Slashdot Mirror


Harvard/MIT Student Creates GPU Database, Hacker-Style

First time accepted submitter IamIanB writes "Harvard Middle Eastern Studies student Todd Mostak's first tangle with big data didn't go well; trying to process and map 40 million geolocated tweets from the Arab Spring uprising took days. So while taking a database course across town at MIT, he developed a massively parallel database that uses GeForce Titan GPUs to do the data processing. The system sees 70x performance increases over CPU-based systems, and can out crunch a 1000 node MapReduce cluster, in some cases. All for around $5,000 worth of hardware. Mostak plans to release the system under an open source license; you can play with a data set of 125 million tweets hosted at Harvard's WorldMap and see the millisecond response time." I seem to recall a dedicated database query processor that worked by having a few hundred really small processors that was integrated with INGRES in the '80s.

3 of 135 comments (clear)

  1. and the most amazing thing by roman_mir · · Score: 4, Funny

    as the TFS states he uses GPUs to do the data processing, but you are never going to believe what he uses to store the actual data, you won't believe it, that's why it's not mentioned in TFS. Sure sure, it's PostgreSQL, but the way the data was stored physically was in the computer monitor itself. Yes, he punched holes in computer monitors with a chisel and used punch card readers to read those holes from the screens.

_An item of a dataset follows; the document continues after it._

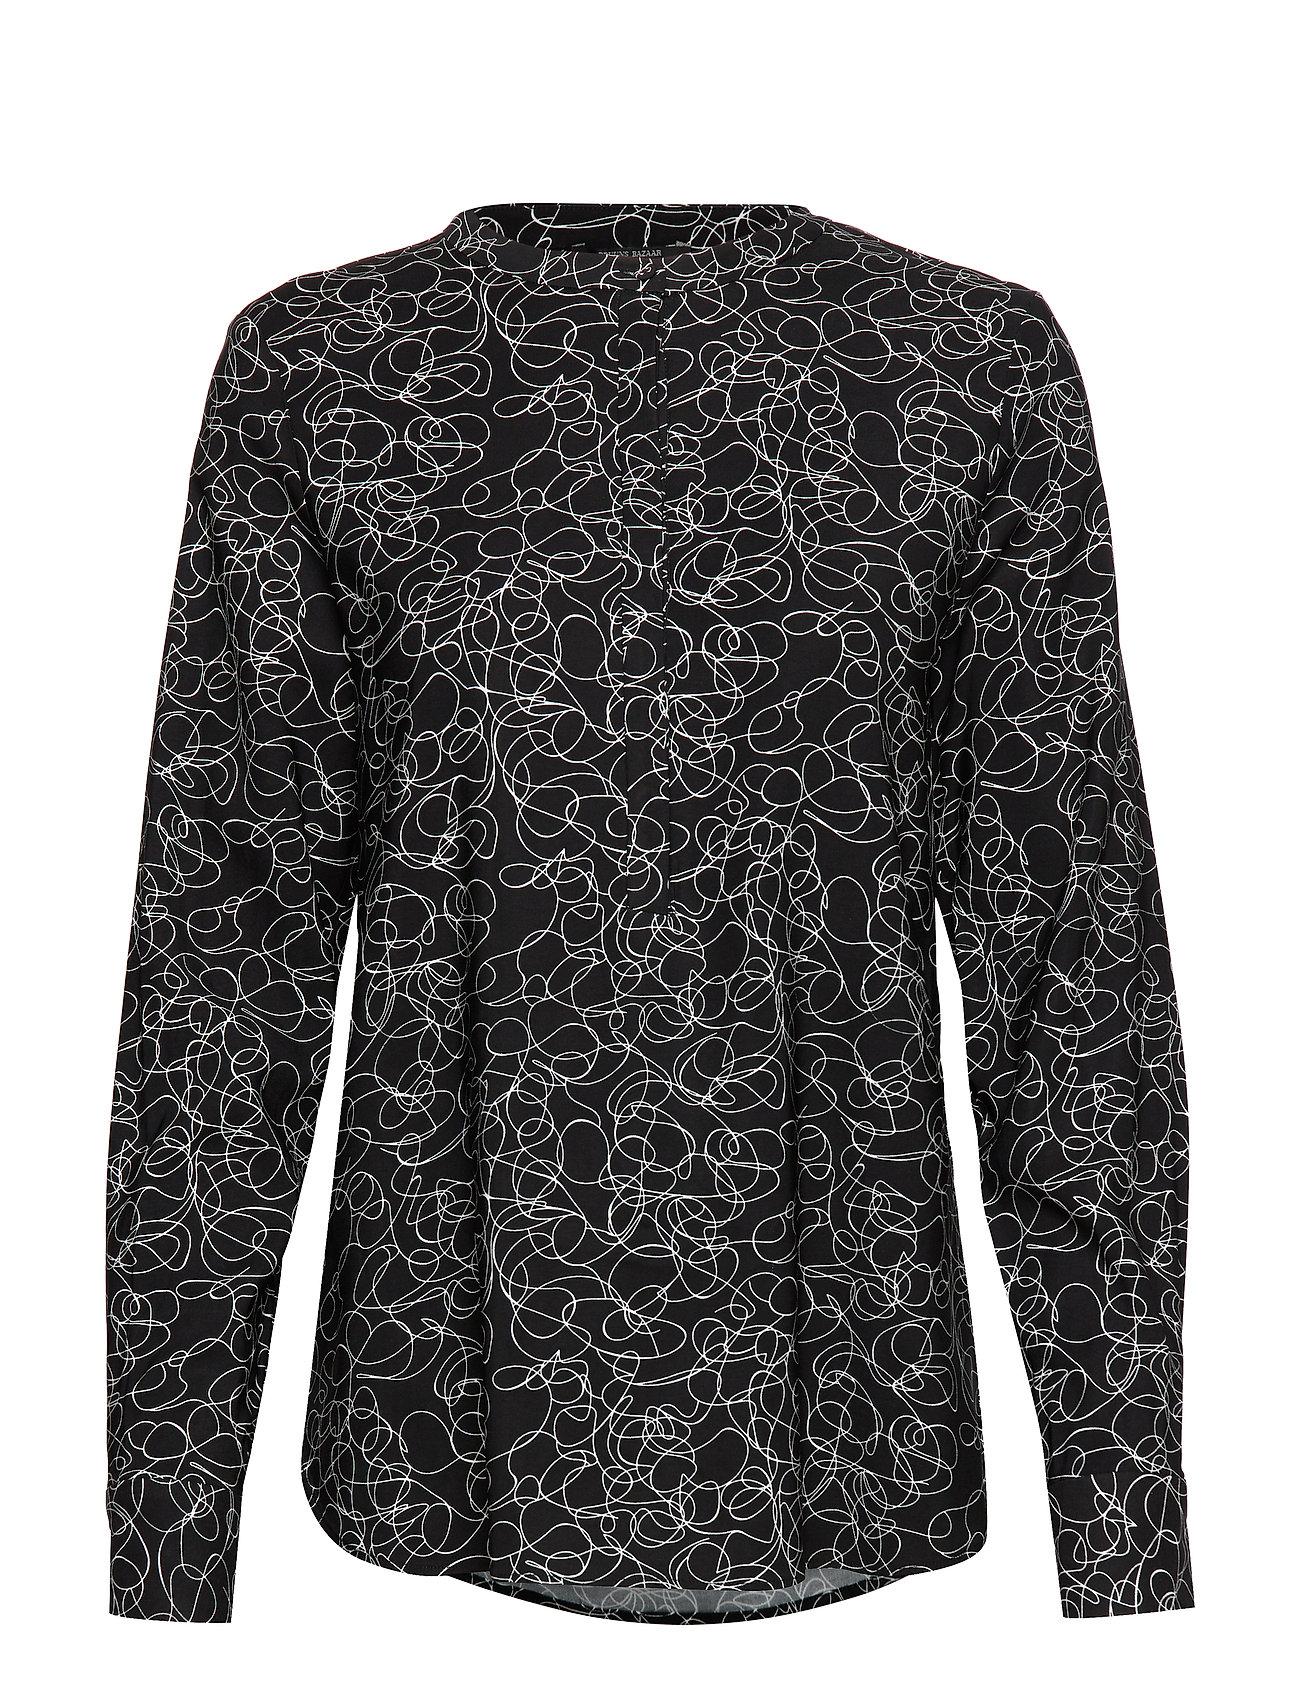 Bruuns Bazaar Sketch Inglis shirt - SKETCH ARTWORK

    1. Re:and the most amazing thing by eyenot · · Score: 4, Funny

      Mod parent up!

      Also: I heard he's using the printer port for commuication. By spooling tractor feed paper between two printers in a loop, and by stopping and starting simultaneous paper-feed jobs, he can create a cybernetic feedback between the two printers that results in a series of quickly occurring "error - paper jam" messages that (due to two taped-down "reset" buttons) are quickly translated from the wide bandwidth analog physical matrix into kajamabits of digital codes. The perceived bandwidth gain is much higher than just a single one or zero at a time.

      That way, he can access the mainframe any time, from any physical location, and it will translate directly into a virtual presence.

      --
      "Stratigraphically the origin of agriculture and thermonuclear destruction will appear essentially simultaneous" -- Lee
  2. Re:I'm not a computer scientist, and... by Anonymous Coward · · Score: 3, Funny

    Now however if your data is _independent_ then you can distribute the work out to each core.

    Let me translate this into a woman-baby analogy: if one woman can have a baby in 9 months, then 9 women can have 9 babies in 9 months. At first the challenge is joggling with the timing of dates and dividing the calendar for conception events as near as possible to each other to keep up the efficiency and synchronization. Afterwards the challenge is the alimony, paying up college and particularly the Thanksgiving, when the fruits of the labor come together.